For those unfamiliar with artist books, the medium is one of creating one-of-a-kind books and limited editions of artist-designed books that may include handmade papers, creative typography, and original artwork, printed and bound by the artist into three-dimensional works. The art form also includes books that break boundaries— experimental expressions free of text, paper, or binding. Artist’s books may also be printed in larger editions, as political statements, or social commentary.
All put art in the hand, taking the reader on a tactile journey experienced page-by-page, coverto- cover.
Niffenegger’s first experience of art books came when she was a young girl growing up in Evanston. “In the ’60s, the Evanston Public Library used to have boxes of artists’ books that had been donated to the children’s library, lined up along the windows,” she says. “I loved looking at them. The idea lodged in my brain that even I could make a book.”
So Niffenegger started doing just that, making tiny books filled with poems and drawings. She studied art at Evanston Township High School and at the Evanston Arts Center. Pursuing her art degree at the School of the Art Institute of Chicago, Niffenegger kept at it, working on a book project called The Adventuress.
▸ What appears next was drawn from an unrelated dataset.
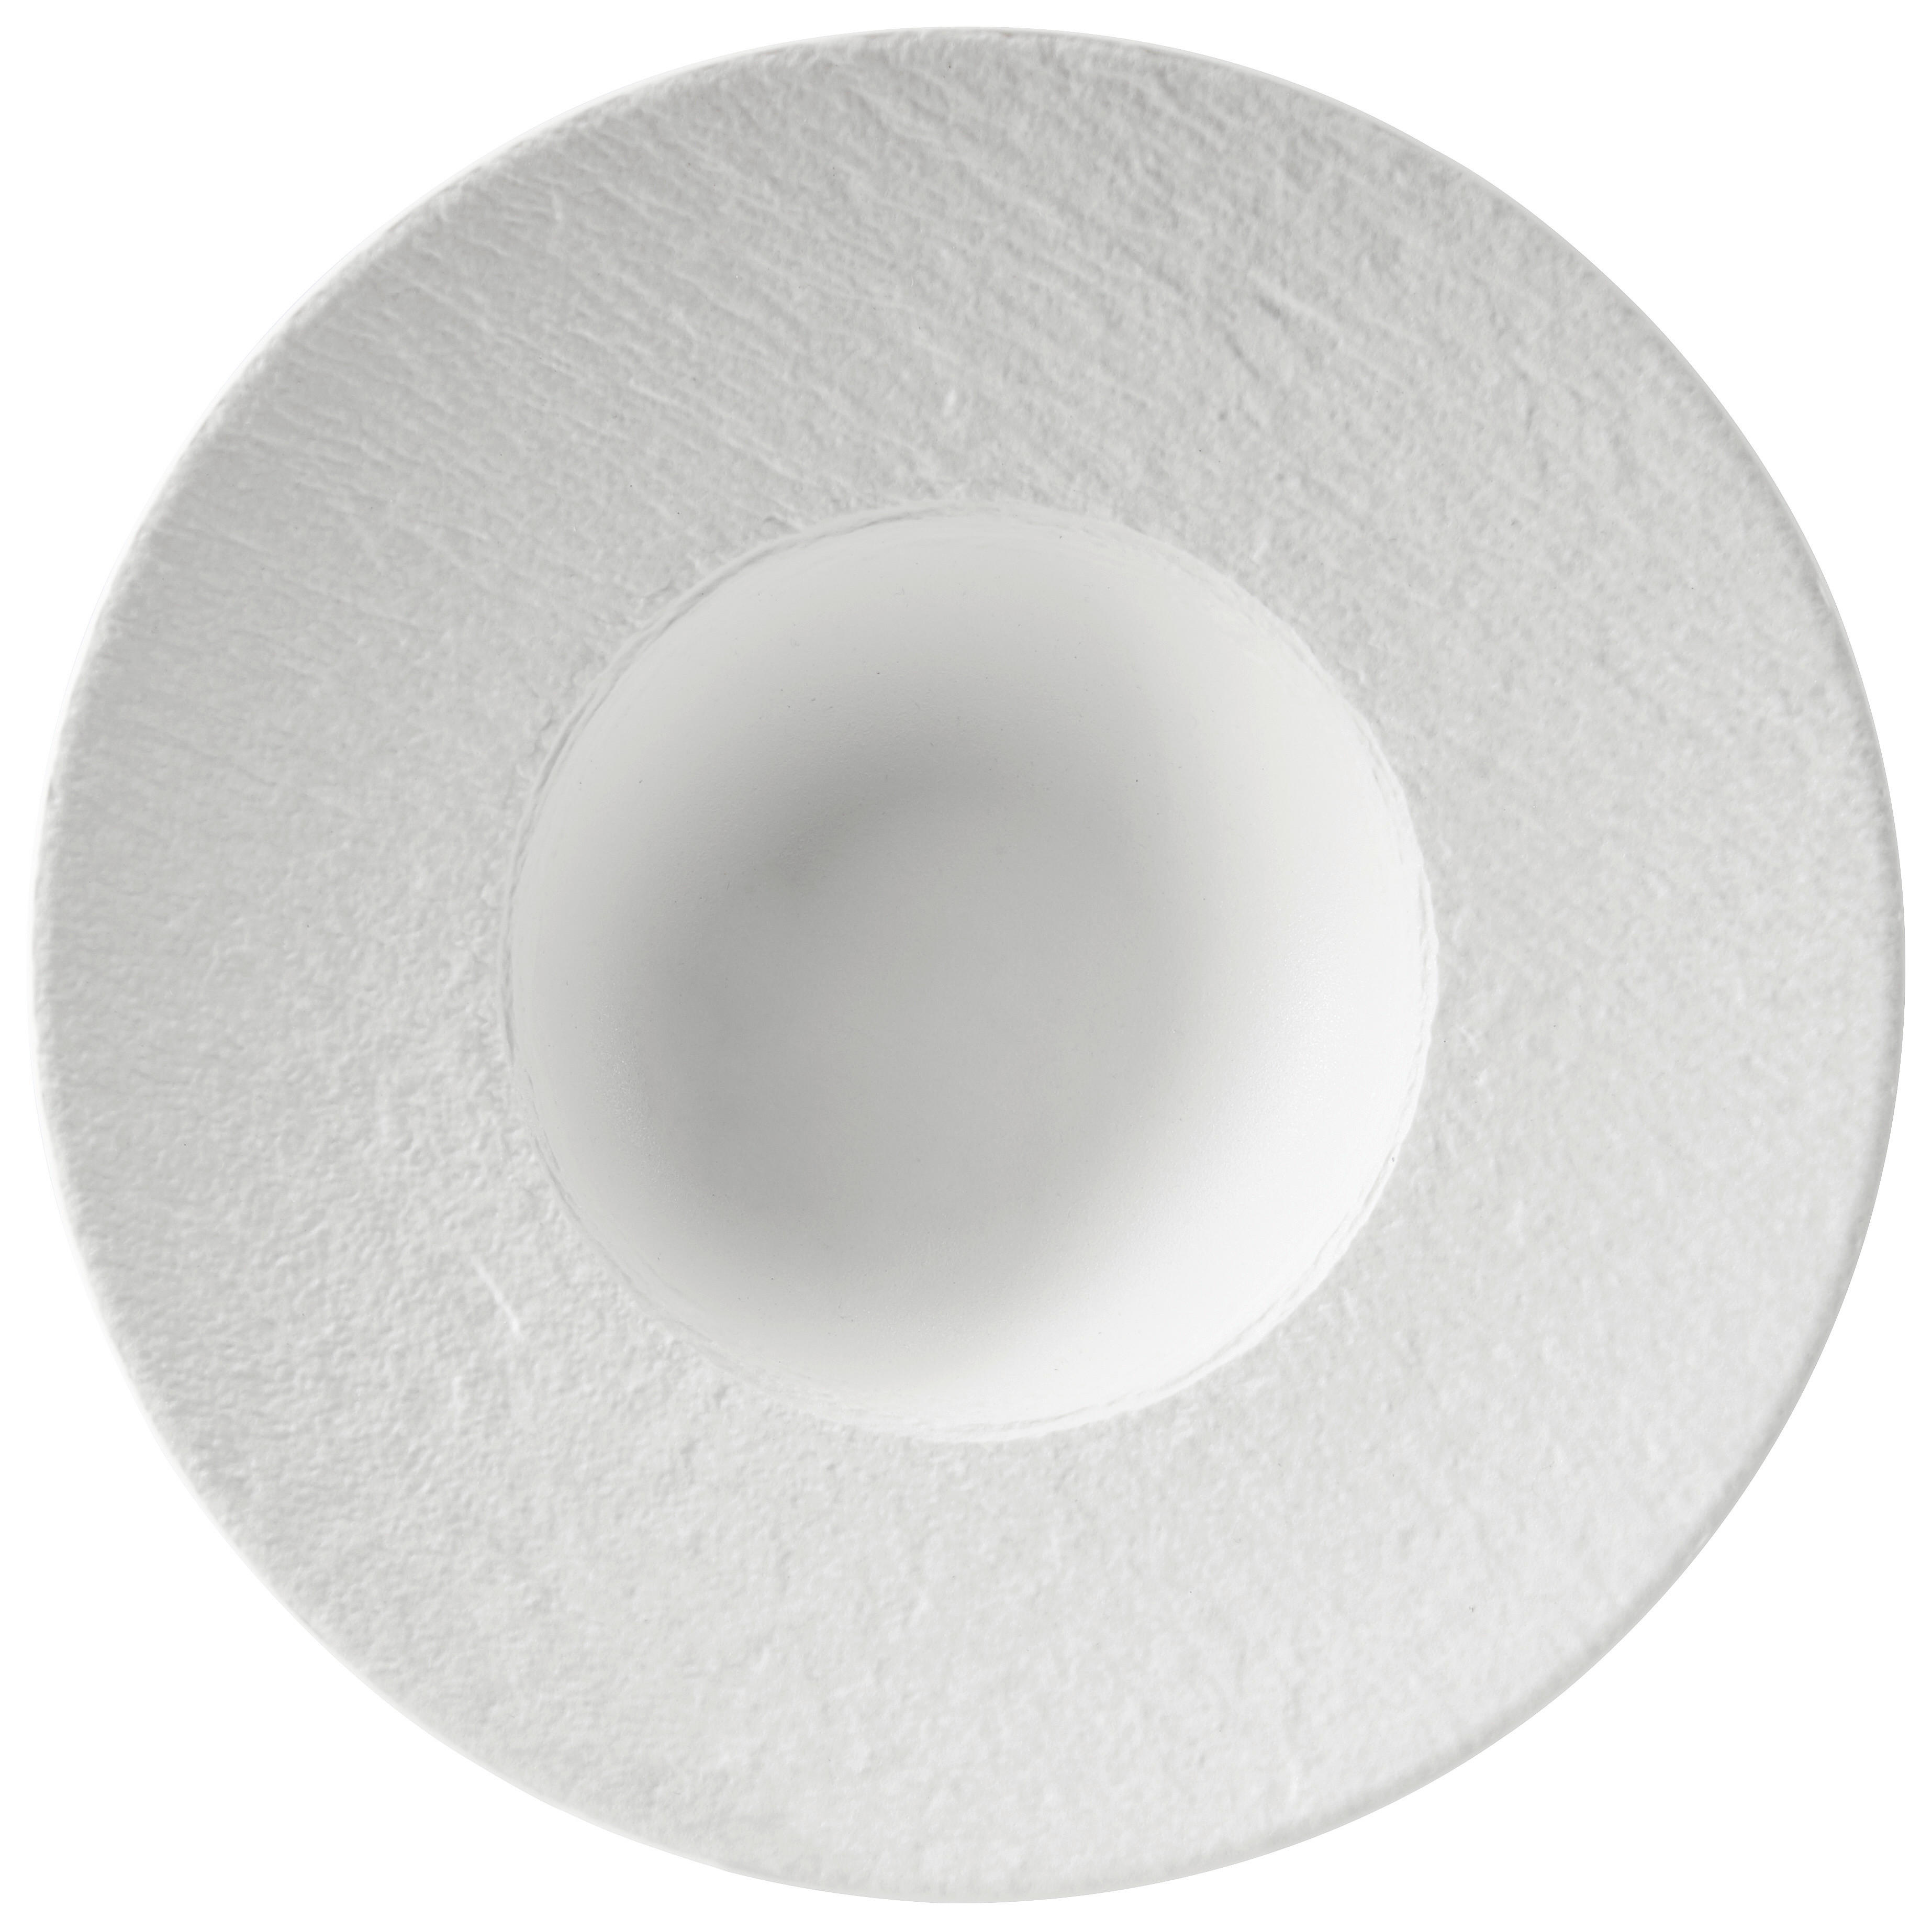 PASTATELLER Manufacture Rock blanc 29 cm  - Weiß, Keramik (29cm) - Villeroy & Boch

To make it, she created 68 etchings, learned bookbinding, and how to hand-set type and print with a letterpress—processes she found “incredibly exciting.”
She got an MFA at Northwestern and started a letterpress and etching studio, Greenwindow Printers, with two associates.
All of this eventually coalesced into something much bigger.
“There were lots of artists who met and brainstormed,” says Niffenegger, “until it was finally suggested, “‘Let’s start a big beautiful book arts center in Chicago where we can teach community classes.’”
The Center of Book and Paper Arts officially launched in 1994, first in a satellite facility on Wabash, and then in Columbia’s Ludington Building.
With the interdisciplinary program there now gone, the art community is working hard to make ABH a reality with the potential to take Midwest book arts to a new level.
“We always wanted the center we created to be for the community. Artists Book House is a rebirth of that initial vision,” says Niffenegger. “It’s a lovely thing, that has a lot of synchronicity. Not just classes, but space where the community can gather around collaborative events.”

ABOVE: “Clothilde, Horrified” (Aquatint, 1995, Audrey Niffenegger) LEFT: “Falling” (Ink and
Gouache on Amate paper, 2004, Audrey Niffenegger) PHOTOGRAPHY BY TK
“There are so many things I care about that have disappeared in the world lately,” she concludes. “The Artist Book House gives us the opportunity to start something in the face of that, that is truly good.”